OK, sleep is a habit. So is eating. If you watch yourself, you eat at the same times every day. So, first things first, you have to break the eating habit. At 5.5 months, she should be able to go at least 5 hours (upwards to 7 really) at night without food. So, when she wakes at 12, see if she really wants to eat. Just because they wake, that doesn't mean they want to eat. With my first child, I thought waking meant hungry, but after 12 weeks, it doesn't, it just means "waking" and inability to self-sooth back to sleep. So, really push the paci. Let her fuss a little. The game plan should be to slowly break her of each waking, till she only needs one night feeding.

I used a baby whisperer hybrid-method with my son. The idea is to not let them CIO, but to let them cry but with you comforting them.

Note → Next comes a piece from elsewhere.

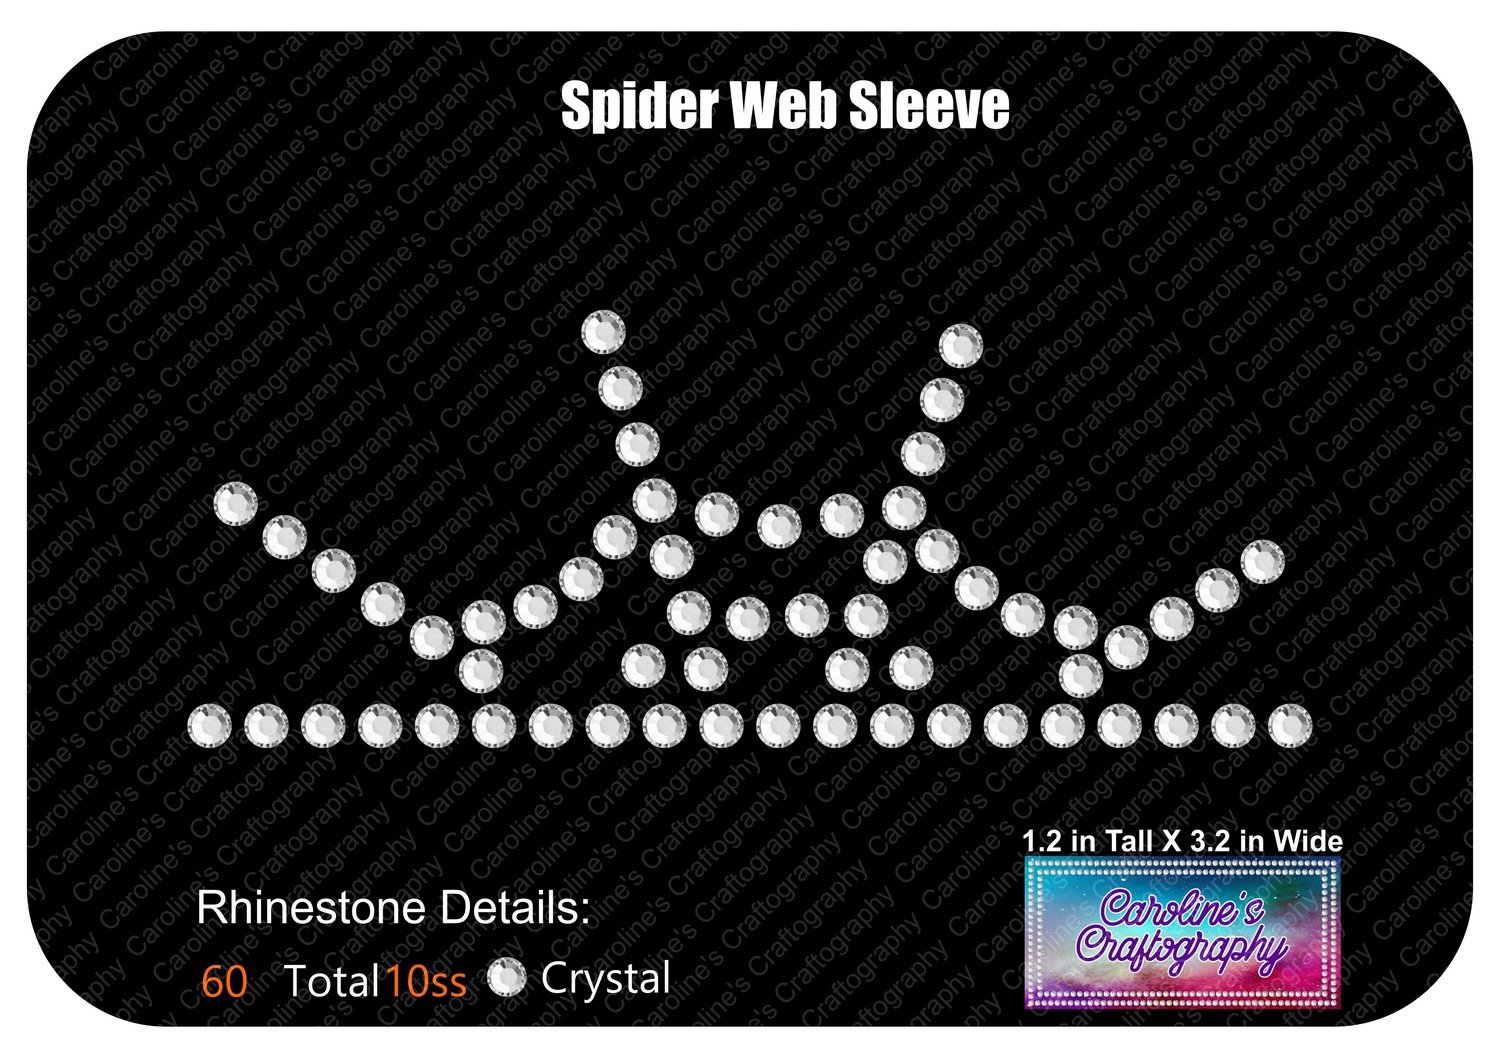 Spider Web Sleeve or Pocket Rhinestone Design

You go to them, pick them up, and as soon as they calm down, you put them back down, saying your soothing words (mine are, "it's bed time, love you.") It could take upwards to 20 times before they decide to just go back down, but it does work, and I was able to gently break my son of his 10, 12 and 2 wakings, and now, at 7.5, he only wakes once to eat.

Also, there is a wonder week at week 26. She will settle down some after this period, for sure. You could wait until then and see what happens, but seriously, sleep is a habit, and with a lot of these little ones, they get into the habit of waking at a certain time, and they keep on doing it, and doing it, and doing it.